Spline
I reviewed some basics about Spline in the previous blog about KAN, and happened to find this tutorial. The most amazing part of this video is to show you what the Spline (wood strip) looks like originally, and how it worked!
and the weights used here are called duck weights, b/c they looks like duck head.
1 The intuition
With the weights and wood strips setup as above, the natural force make the strip to bend following the rule to minimize bending energy, which mathamatically is the square of the second derivatives. Use 3 consective points as an example, \(E_{bend} = (f^{''})^2 \\= [f(t+1)-f(t)-(f(t)-f(t-1))]^2\)
So when line is straight, bending energy is 0, otherwise, it’s greater than zero.
If we found a curve minimized the bending energy, it’s in the form of natural cubic spline, which is the shape wood strip bend naturally. How does it happens?
The part 3 uses a bee fly as an example, and the spline is the path of the bee. So the 2nd derivatly is the linked to accerlration and eventually the force.
\[min\int(\frac{d^2f}{dt^2})^2\\=min\int{a^2}=min\int{F^2}\]What a beauty that minimum energy rule shows up here:)
2 Catmull-Rom Spline
Spline is about concatencate polynomial together. The first derivative at the knot is the key factor to consider.
Making two derivatives the same would give you a $C_1$ smooth connection
What should be the values of the two derivaties? Making it the same as the derivate of the two neighbor points is a no-brainer.
and this gives you Catmull-Rom Spline.
3 Natural Cubic Spline
Let’s change the contrains for a cubic spline with $n$ segments and It’s have $4n$ parameters to solve.
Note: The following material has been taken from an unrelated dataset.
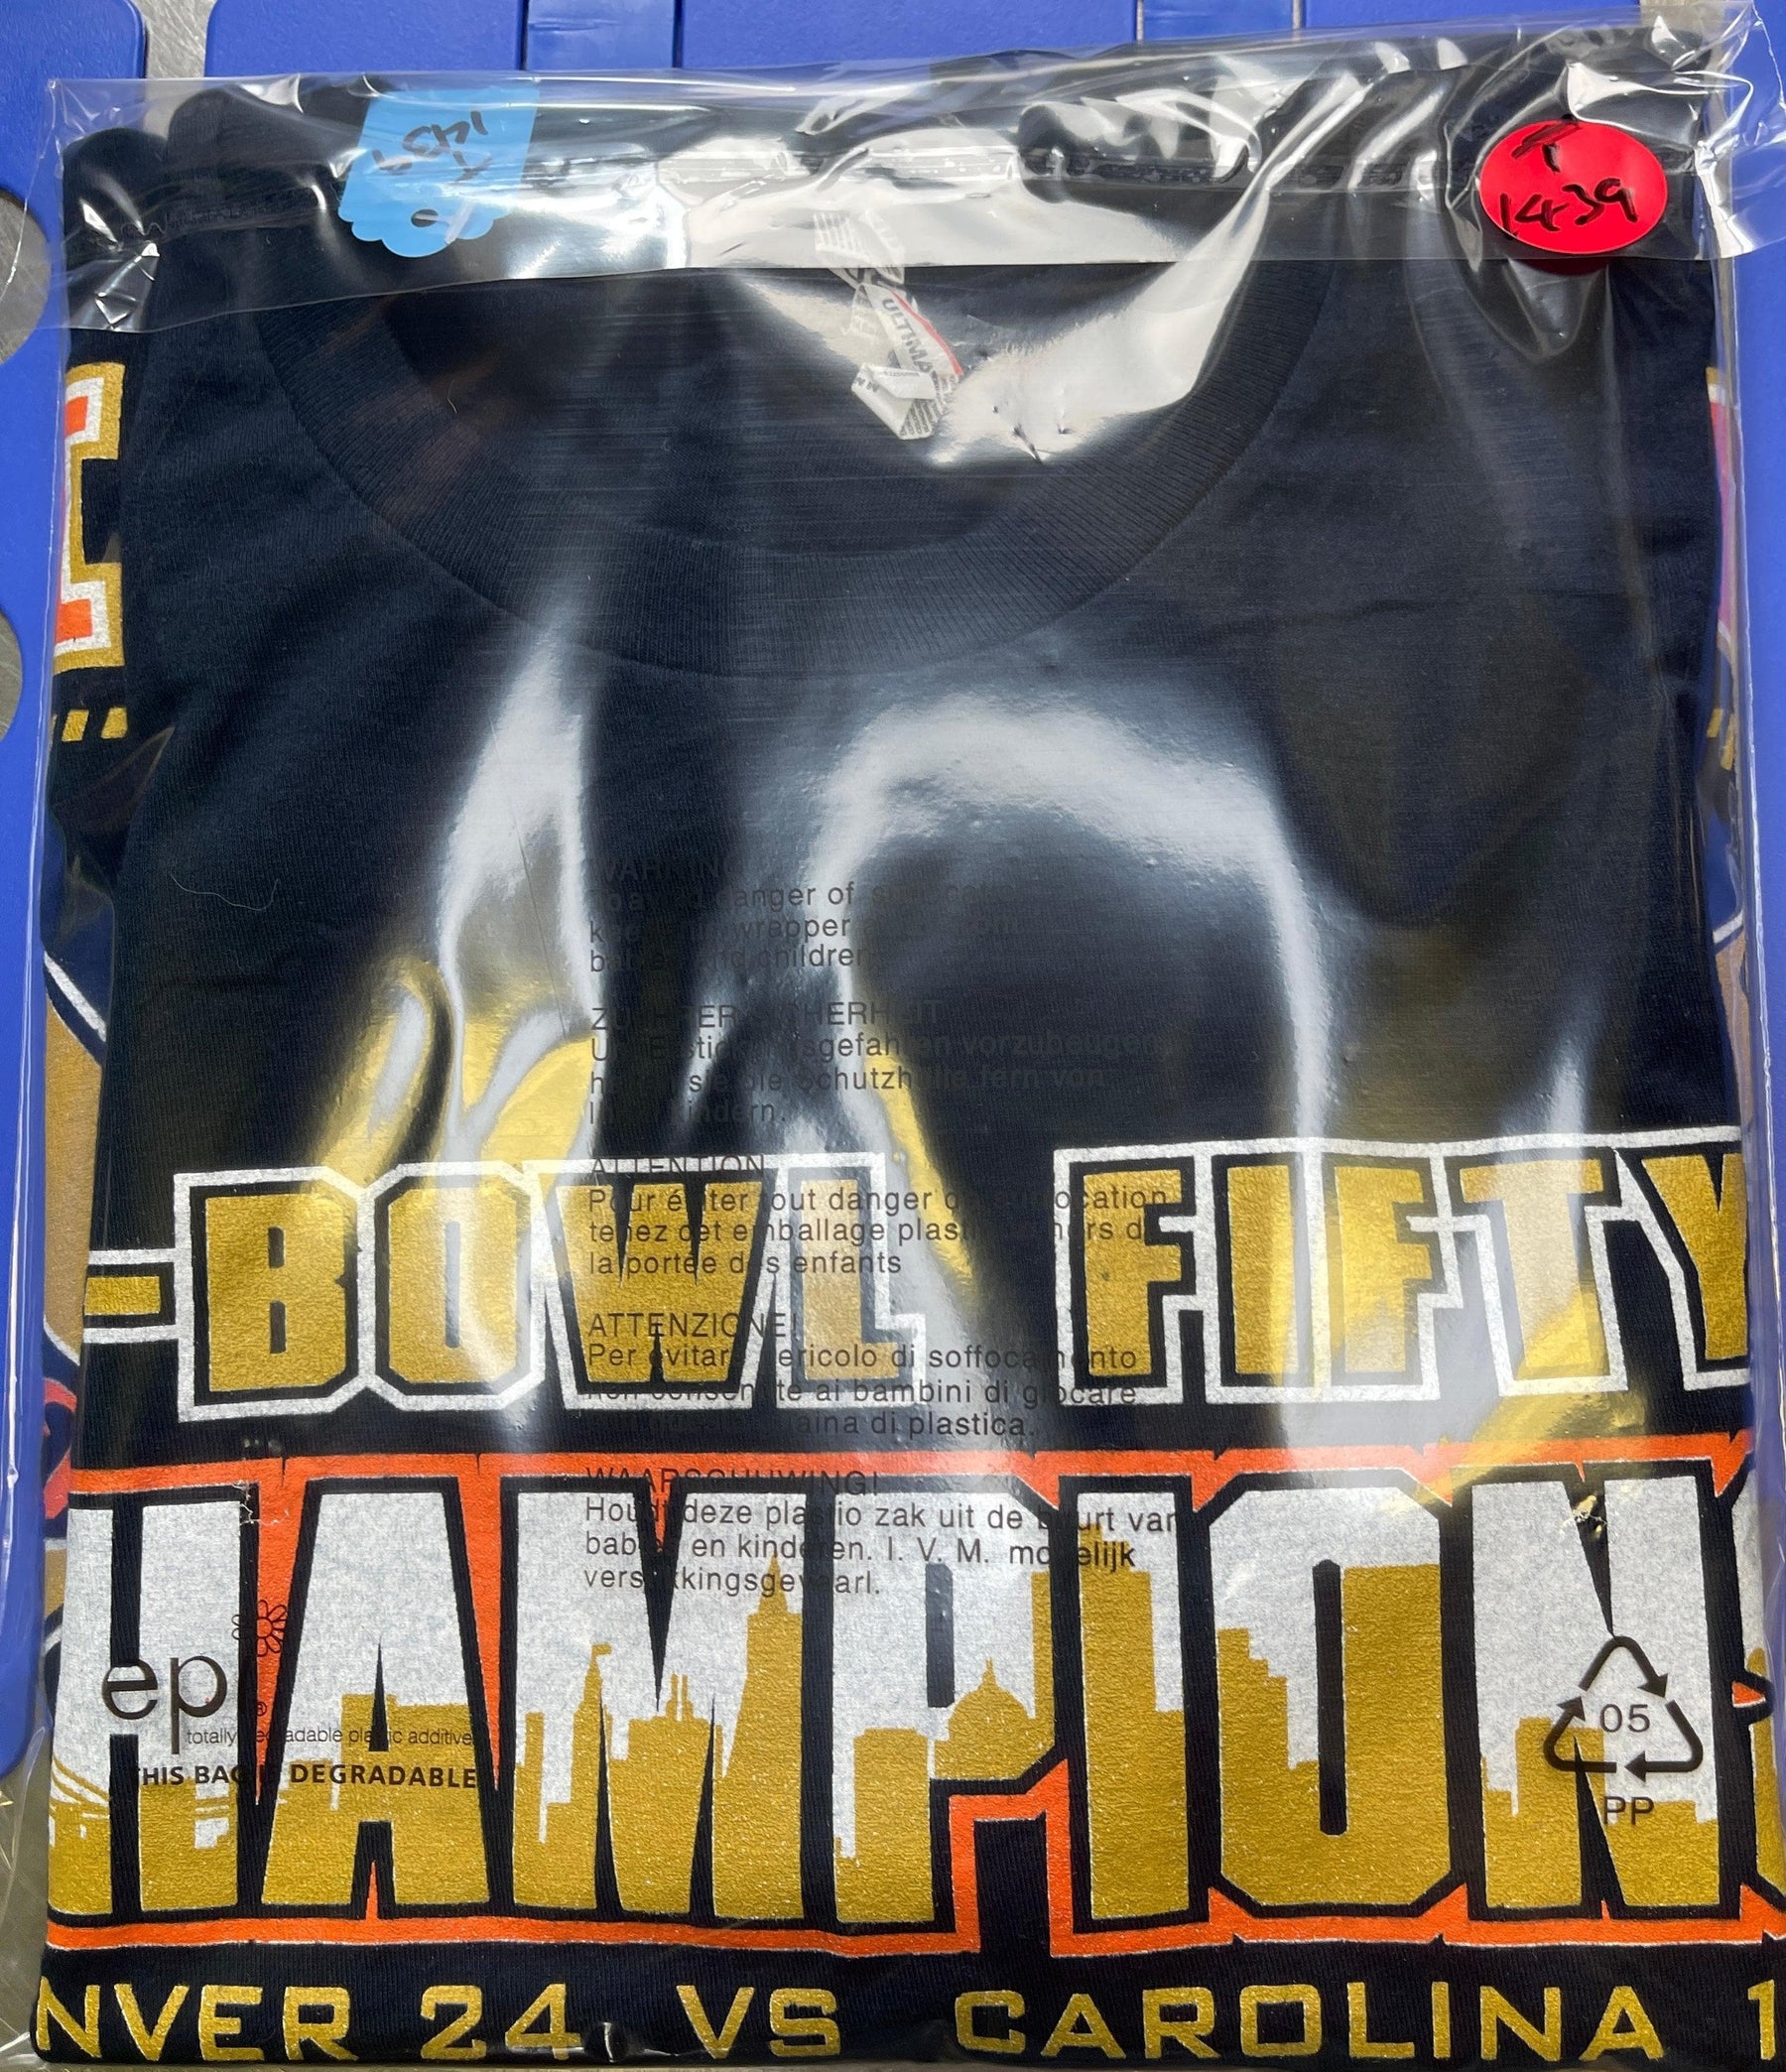 NFL Denver Broncos Super Bowl 50 Champions T-Shirt Men's Medium

From control points perspective, each segments come with beg and end points, so total you will get $2n$ equations.
For $C_1$ continuous, you will get $n-1$ equations
For $C_2$ continuous, you will get $n-1$ equations
The last two constrains comes from forcing 2nd derivative of first and last points to be zero.
Then we can get a special $C_2$ interpolating spline, natural cubic spline.
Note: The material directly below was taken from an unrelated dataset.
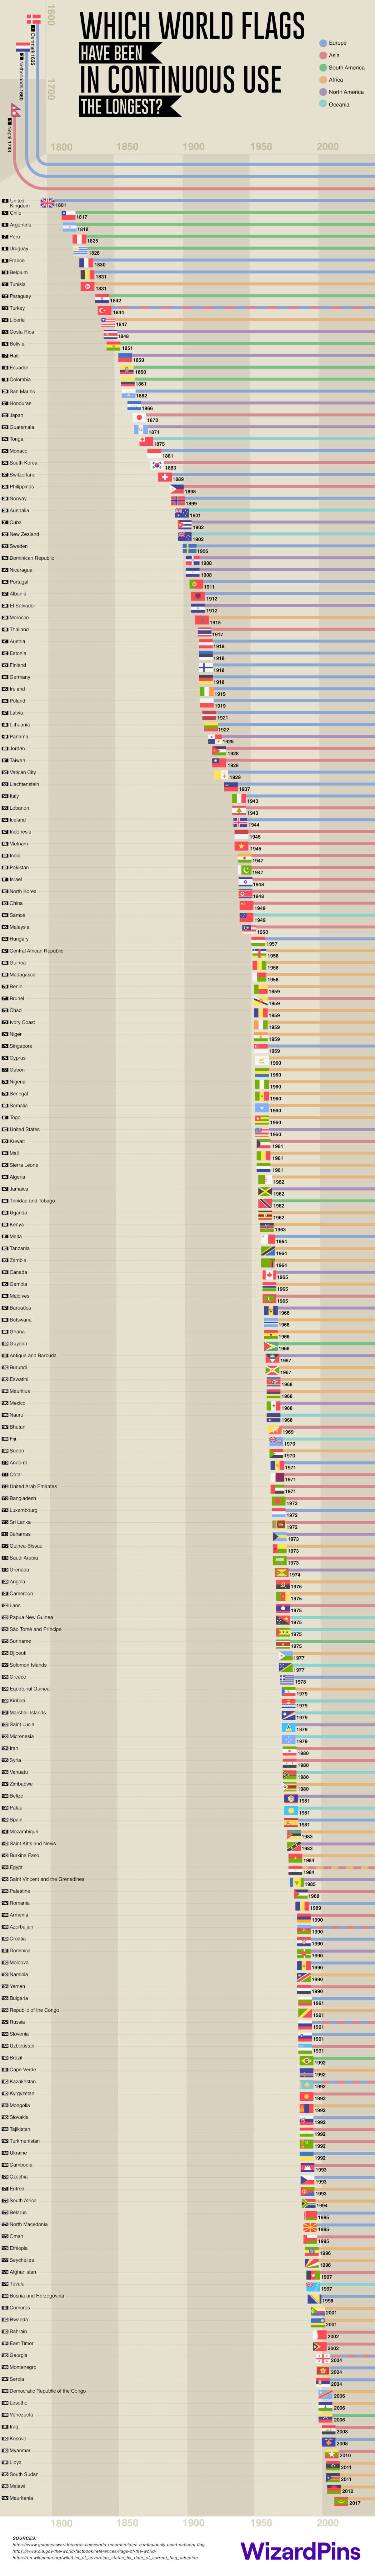 world-flags-timeline-the-chartsitry

The interpolation here means it goes through every control points.
If we move one control points, if all other segments’s polynomial keeps the same, we call it local control, which feature natural cubic spline does NOT have.
4 B-Spline
In order to get a spline with $C_2$ continuity and local control, we introduce B-Spline, which does NOT have interpolation feature.
The construction of B-spline is using Bezier Curve, which is always contained in the convex hull of the control points
and the curve can be directly written by the control points WITHOUT coefficients
Here is the constructions of B-spline using Bezier curves
- Start w first four control points and divide all segments into thirds
- Connect the 1/3 points around the two center control points, and divide them by half
- Use these 4 points to construct Bezier curve
- Now you can add a new control points and get a new Bezier curve.
The two Bezier curves, f(x) and g(x) are both $C_1$ and $C_2$. THe proof of $C1$ is as follow b/c the derivaties are from the SAME line. $C_2$ approved is similar but didn’t show in the video :(
5 Summary
Here we summarize the 3 splines as below
2D splines are actually doing 2 1-D spline. Nothing specially. So skipped here.